Posted on Aug 7, 2016
The skills the author demoed here can be learned through taking Data Science with Machine Learning bootcamp with NYC Data Science Academy.

This post is prepared to illustrate my Shiny App: Consumption, Production, and Global Warming, available HERE (content slightly altered due to display restrictions).


Global warming is happening, at least 95% of the scientists believe so. And the results are quite severe: data shows the sea level is rising, animals are dying, and we are witnessing more extreme weather conditions in recent decades than ever. This blog walks through some of the evidence for the existence of global warming, a possible cause, and a call to action.  Figure 1 plots the anomalies of world average temperature relative to the Jan 1951-Dec 1980 average.
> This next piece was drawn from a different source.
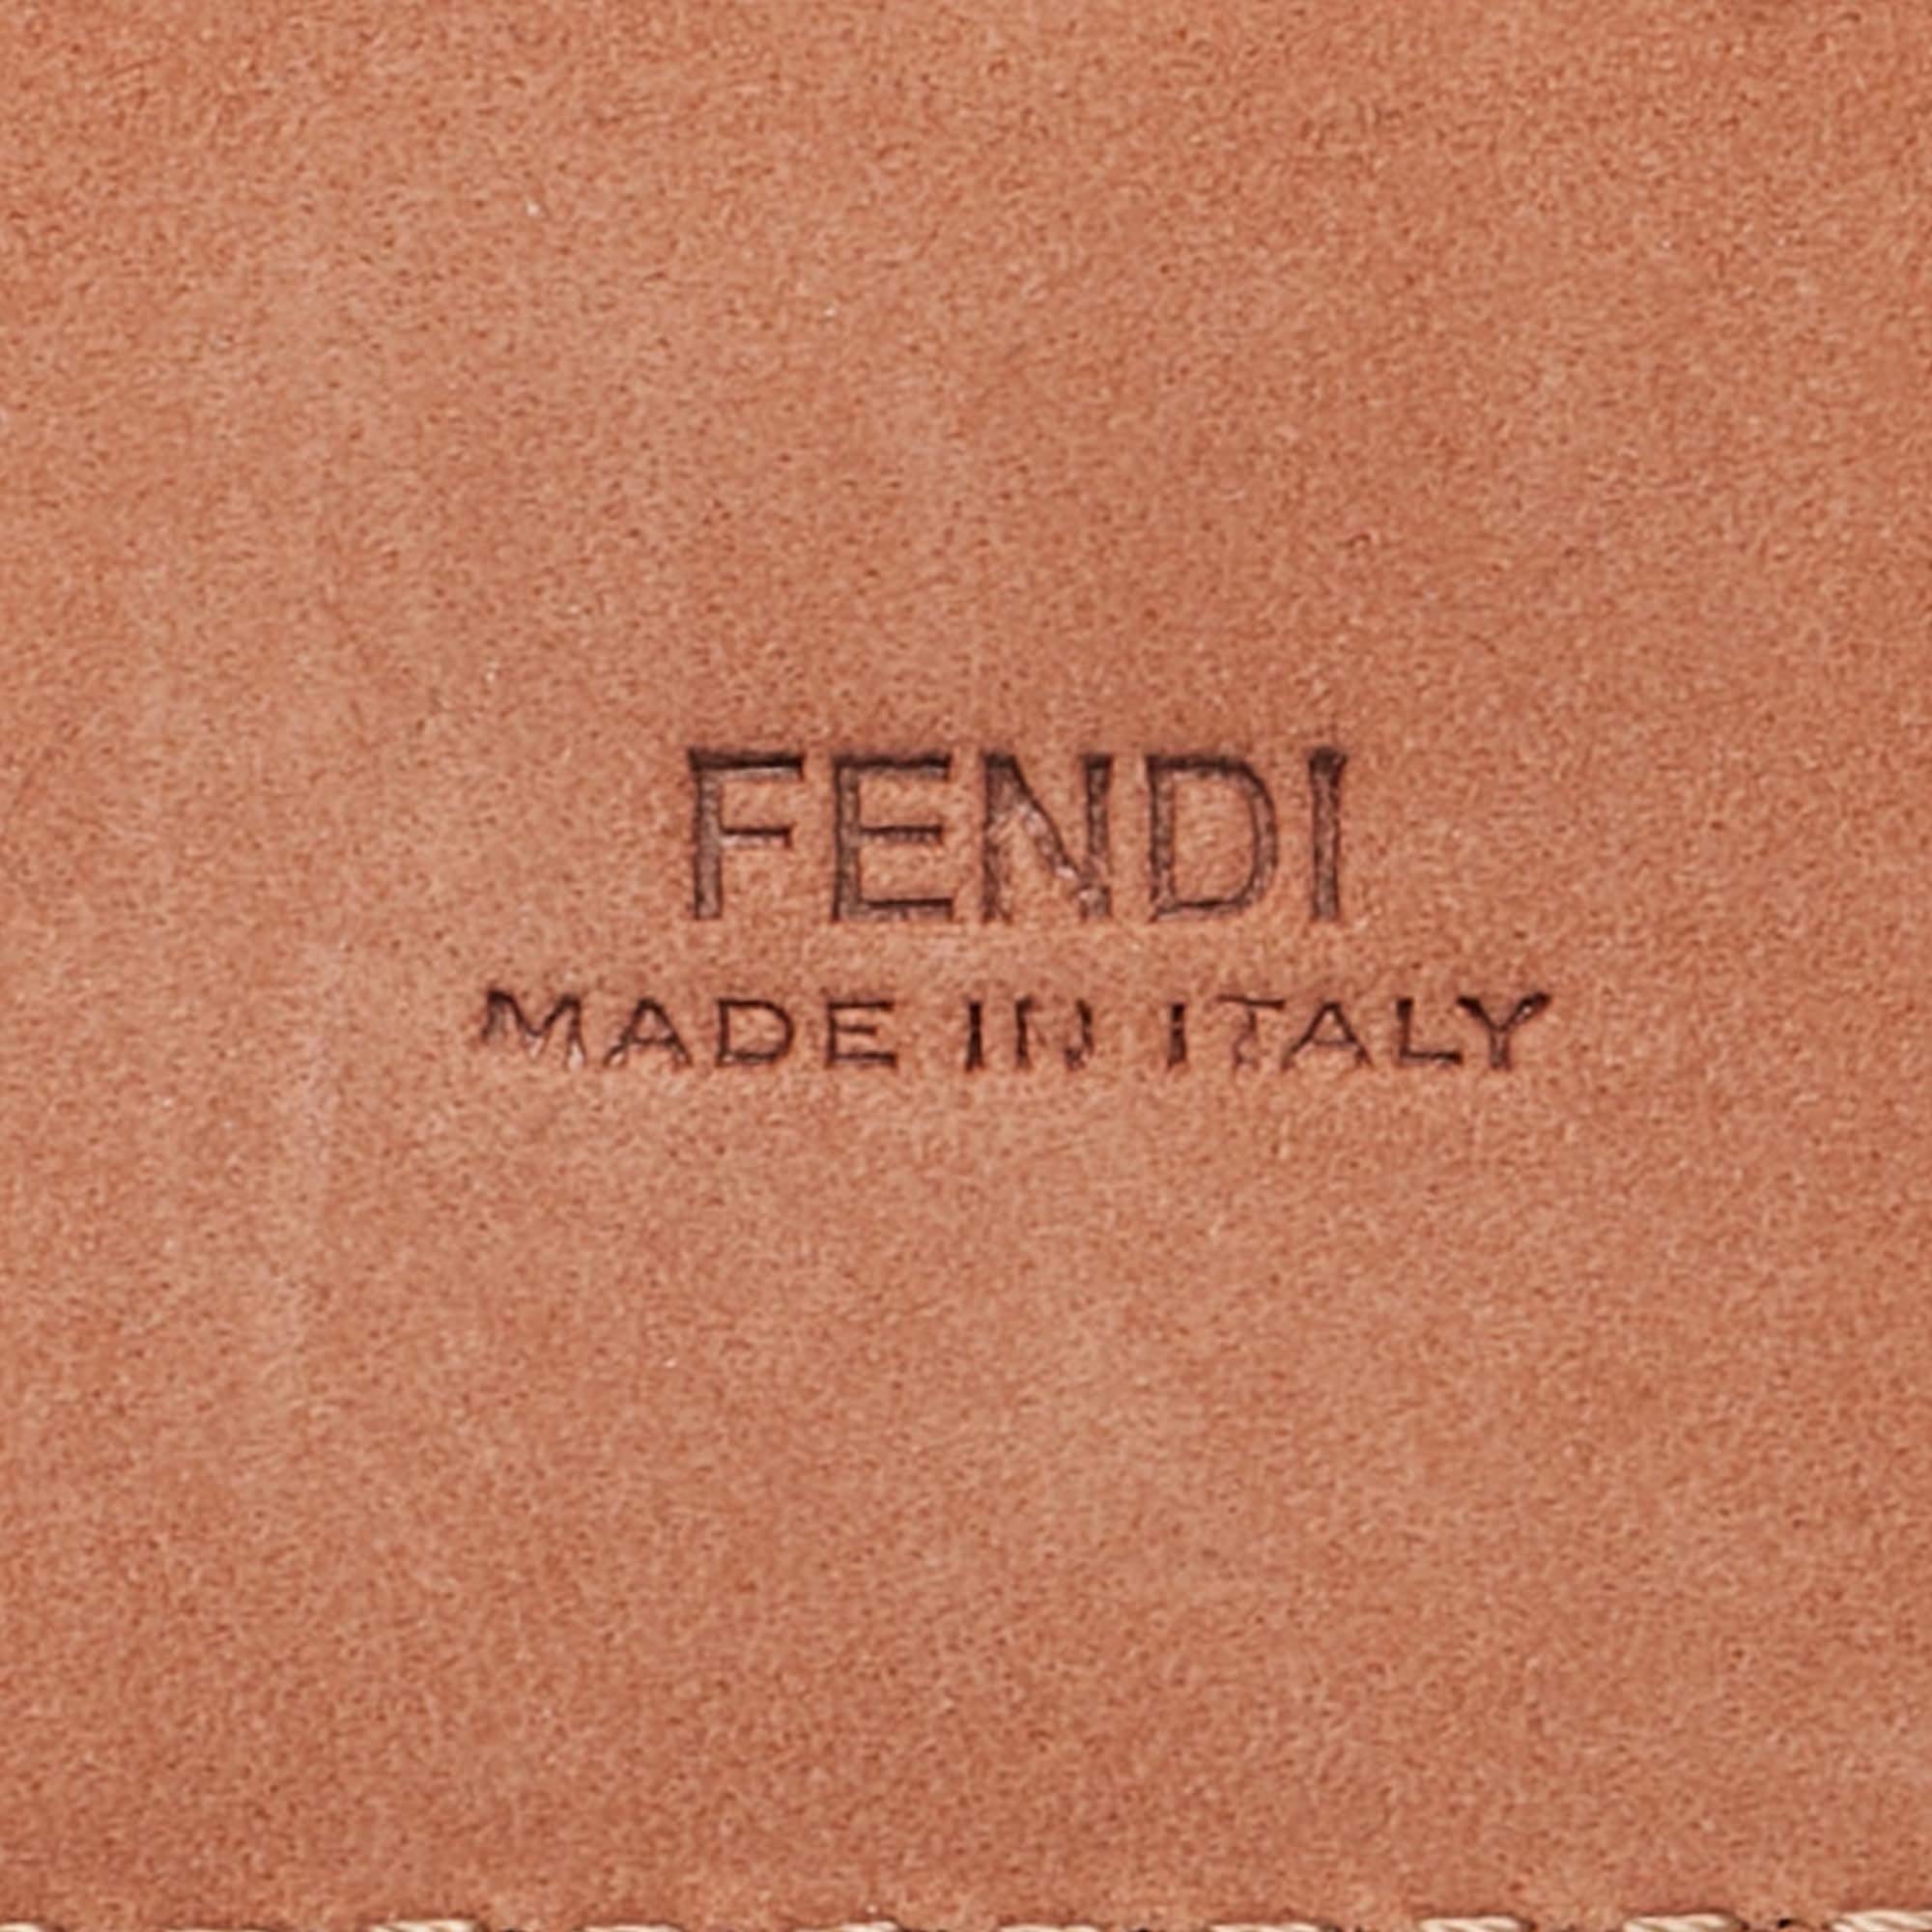 Fendi Multicolor Printed Leather Studded Belt 85 CM For Sale 2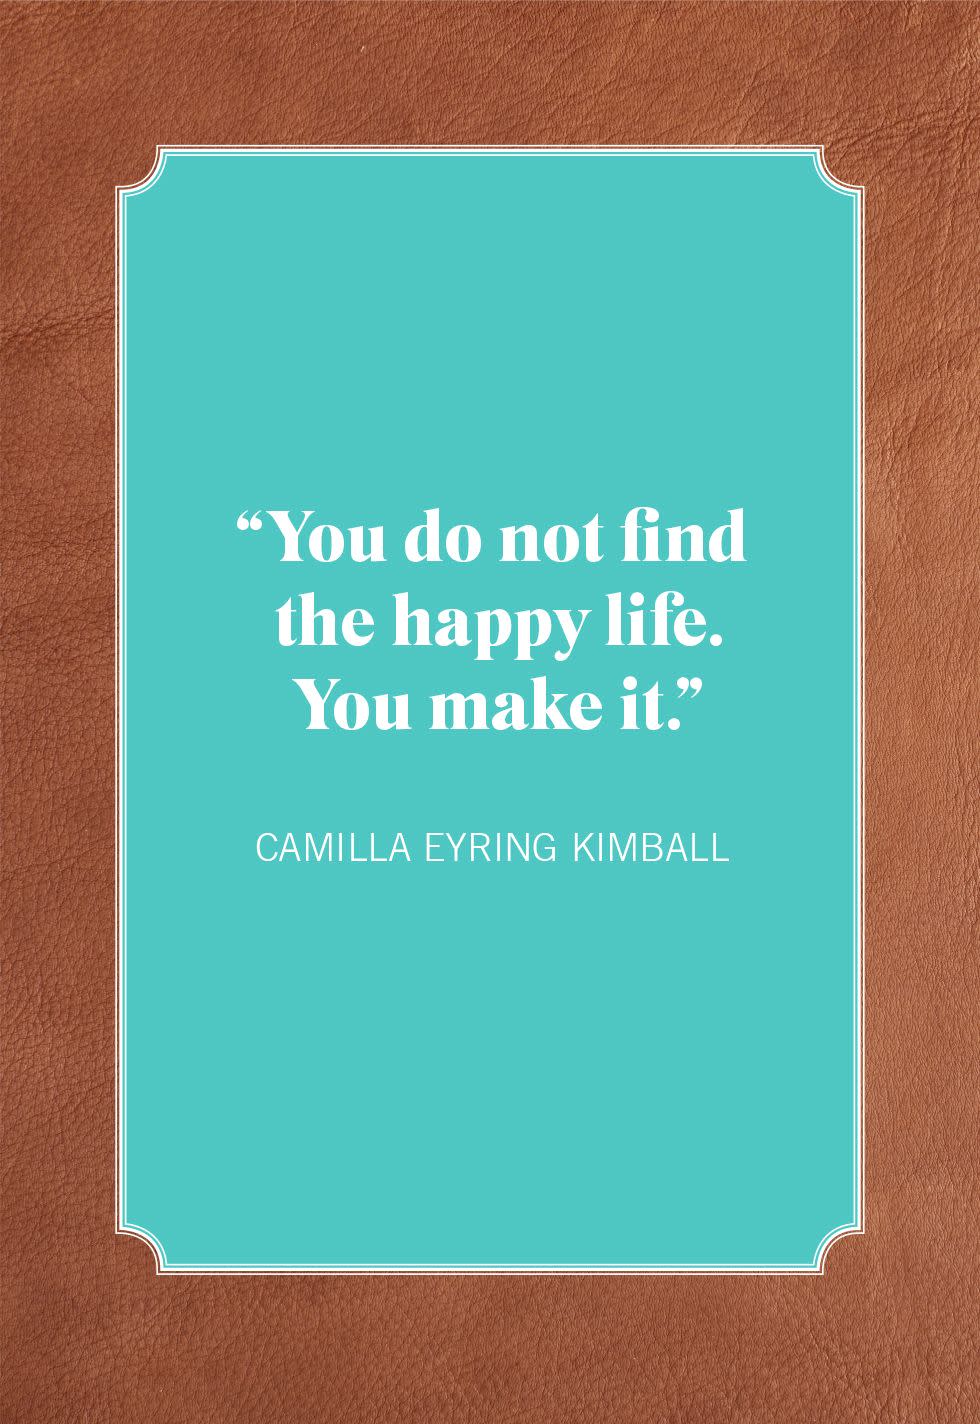 camilla eyring kimball short inspirational quotes

Data Study on Causes of Global Warming

Figure 1. World Average Temperature. Temperatures are in Celsius and reported as anomalies relative to the Jan 1951-Dec 1980 average.


Despite of the variations in late 18c, the deviations away from zero has a clear trend, increasing since the Second Industrial Revolution.

On the global level, Figure 2 captures snapshots of North America and Antarctica for the daytime temperature in the week of June, 17, 2016. Areas that are hotter than the average temperatures for the same week or month from 2001-2010 are marked in red, while areas that are colder are colored in blue. In the north, where it is summer in June, there is a higher degree of concentration of red dots, showing that the summer is hotter, while the opposite happens in the south, where the winter is colder.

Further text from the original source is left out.